Następnie skalibruj pozycję odbioru w środku studzienki zawierającej roztwór CTC bez komórek w środku pola widzenia. Za pomocą czujnika delikatnie dotknij kapilarną dolnej części płytki i ustaw pozycję odbioru na 0,05 milimetra nad dnem płytki. Ostrożnie opuszczaj ramię robota o 10 mikrometrów na raz, aby uniknąć uszkodzenia kapilary.

Wybierz typ komórki i parametry pobrania. W przypadku pobierania z jednej komórki wybierz tryb ręczny. Użyj joysticka, aby poruszać się po szklanej kapilarze w studni i umieść kapilarnę na pojedynczej interesującej nas komórce w odległości co najmniej jednego milimetra od granicy studzienki.

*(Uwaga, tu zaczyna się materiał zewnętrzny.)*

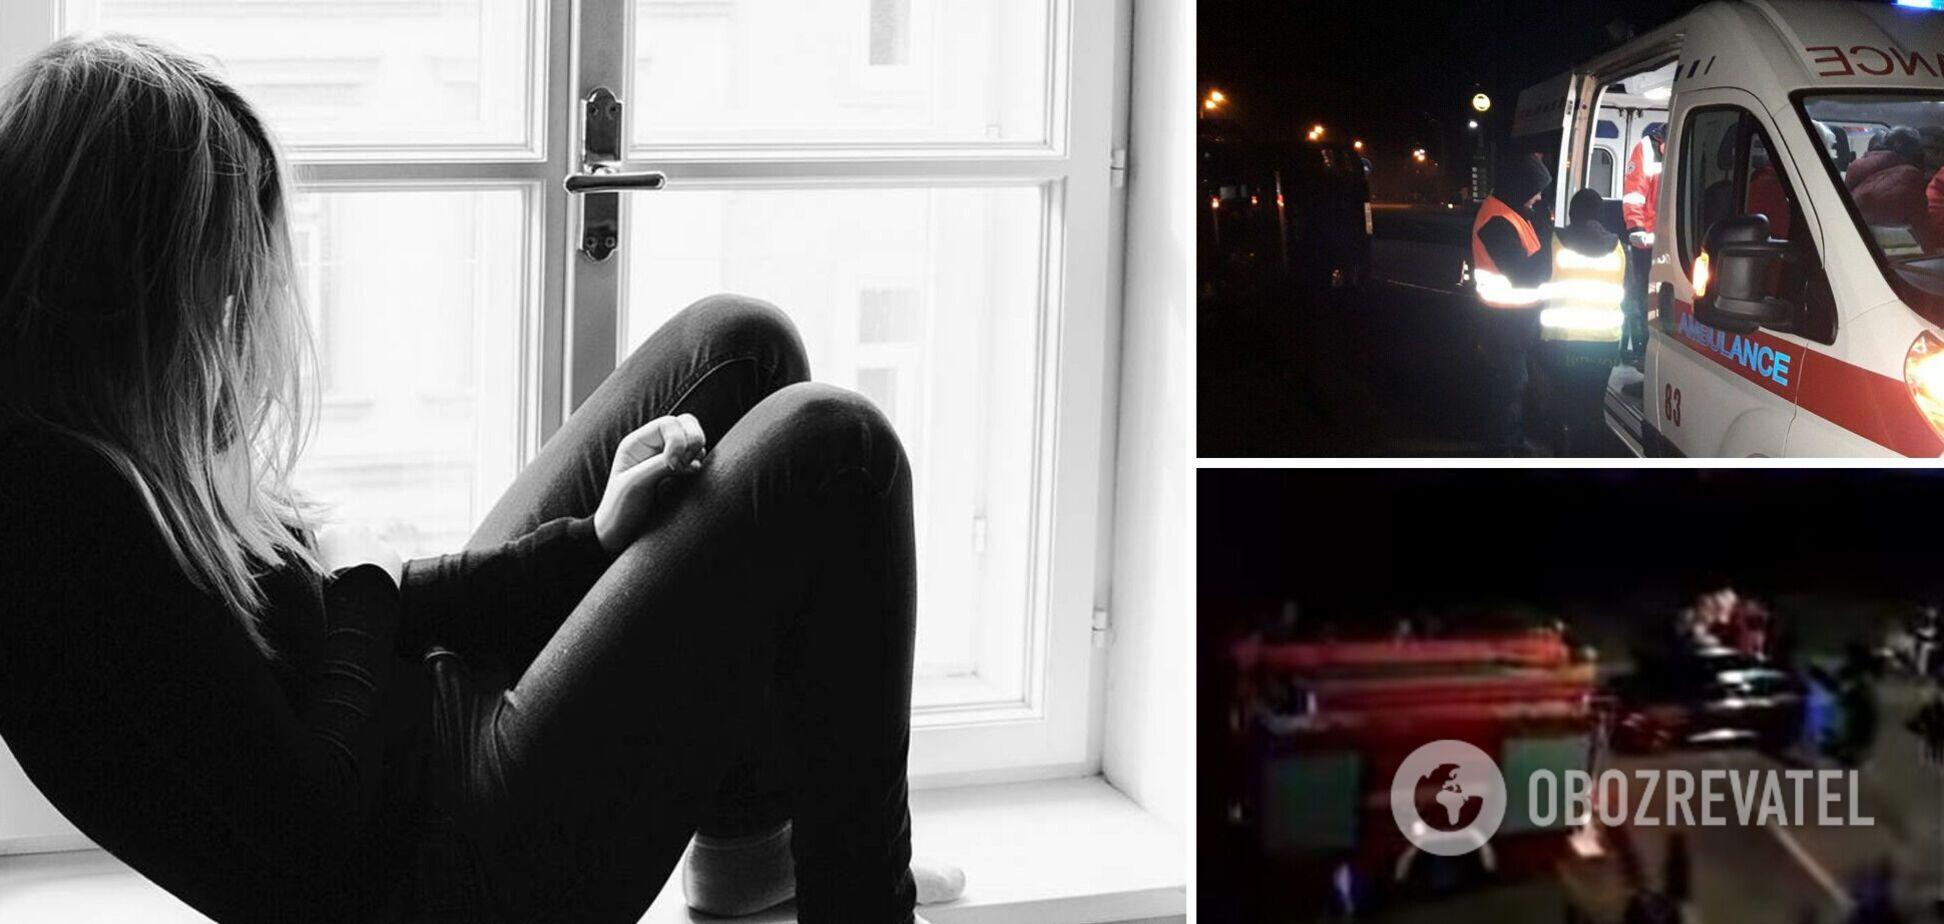 В Одесі дівчина відкрила в квартирі газ і вистрибнула з вікна: мешканців будинку довелося евакуювати. Відео
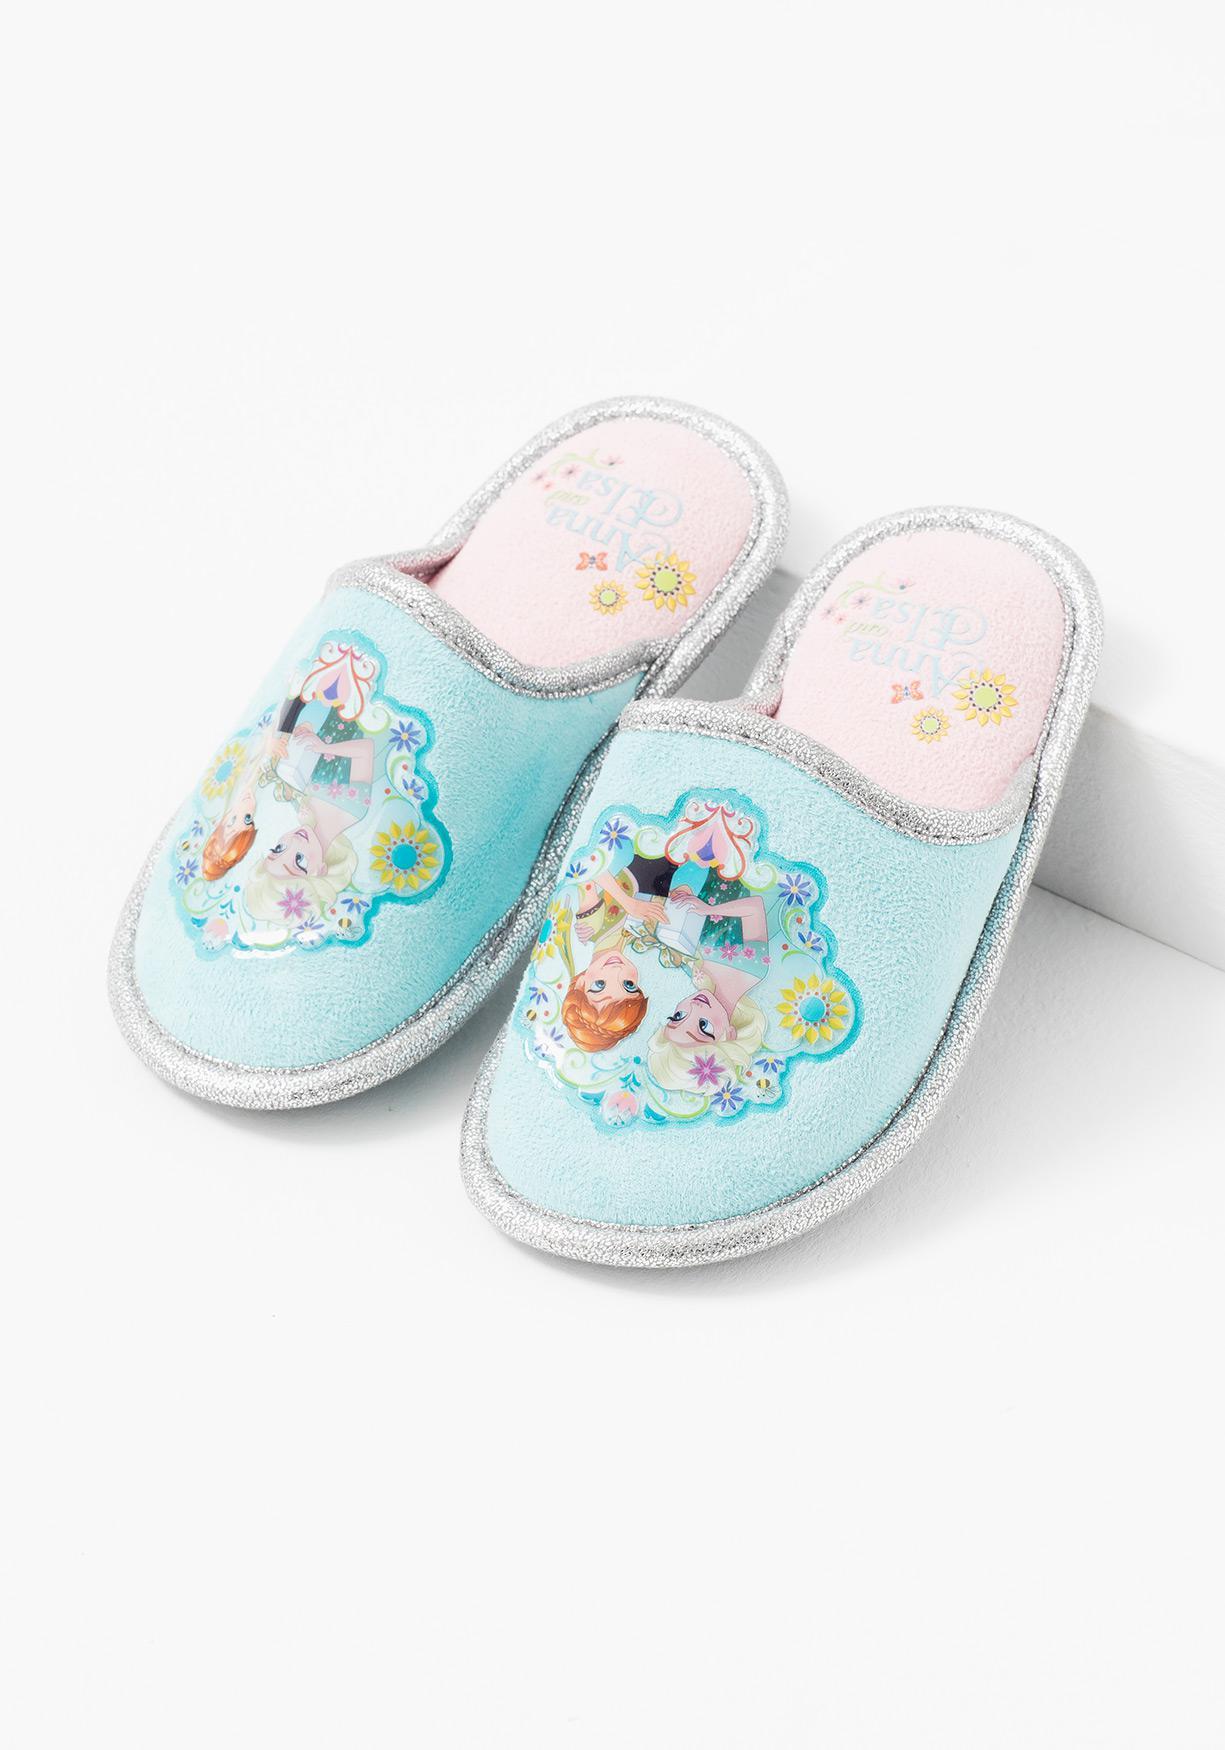 nueva llegada 9f7c9 cd909 zapatillas de casa 34,Hombre Gris Zapatos Zapatillas De Casa ...

Następnie ręcznie dodaj cząstki i wybierz opcję Wybierz aktywowane cząstki, aby rozpocząć pobieranie. Po wybraniu wszystkich komórek odwirować płytkę, aby osadzać komórki na dnie każdej studzienki. Barwienie bio-aminowe przeciwciałem przeciwko cząsteczkom adhezyjnym komórek nabłonkowych pozwala na wizualizację komórek rakowych w zawiesinie z dokładnym odróżnieniem od zdarzeń dodatnich CD45.

Precyzyjna izolacja CTC charakteryzuje się aspiracją tylko pożądanego celu bez otaczających komórek zanieczyszczających. Zgodnie z podejrzeniami, klastry CTC wykazują zwiększoną przeżywalność w porównaniu z pojedynczymi CTC, dając początek koloniom komórkowym w ciągu 56 dni od hodowli in vitro. Warto zauważyć, że klastry CTC wykazują również wyższy wskaźnik proliferacji, a tym samym osiągają wyższą końcową liczbę komórek, co wskazuje, że bezpośredni kontakt z innymi komórkami nowotworowymi ma wpływ zarówno na żywotność komórek nowotworowych, jak i szybkość proliferacji.

Sekwencjonowanie jednokomórkowego RNA CTC bezpośrednio izolowanych od pacjentów z rakiem piersi ujawnia stochastyczne osadzanie pojedynczych komórek pochodzących z pojedynczych CTC, klastrów CTC lub klastrów białych krwinek CTC. Należy pamiętać o zainstalowaniu szklanej kapilary w celu usunięcia pęcherzyków powietrza w układzie płynowym mikromanipulatora oraz skalibrowania pozycji poboru, aby zapewnić wydajną kombinację jednokomórkową. Pojedyncze komórki mogą być wysiewane lub dalej przetwarzane do sekwencjonowania nowej generacji, aby umożliwić analizę ex-vivo i charakterystykę CTC w rozdzielczości pojedynczej komórki w celu zbadania procesu przerzutowego.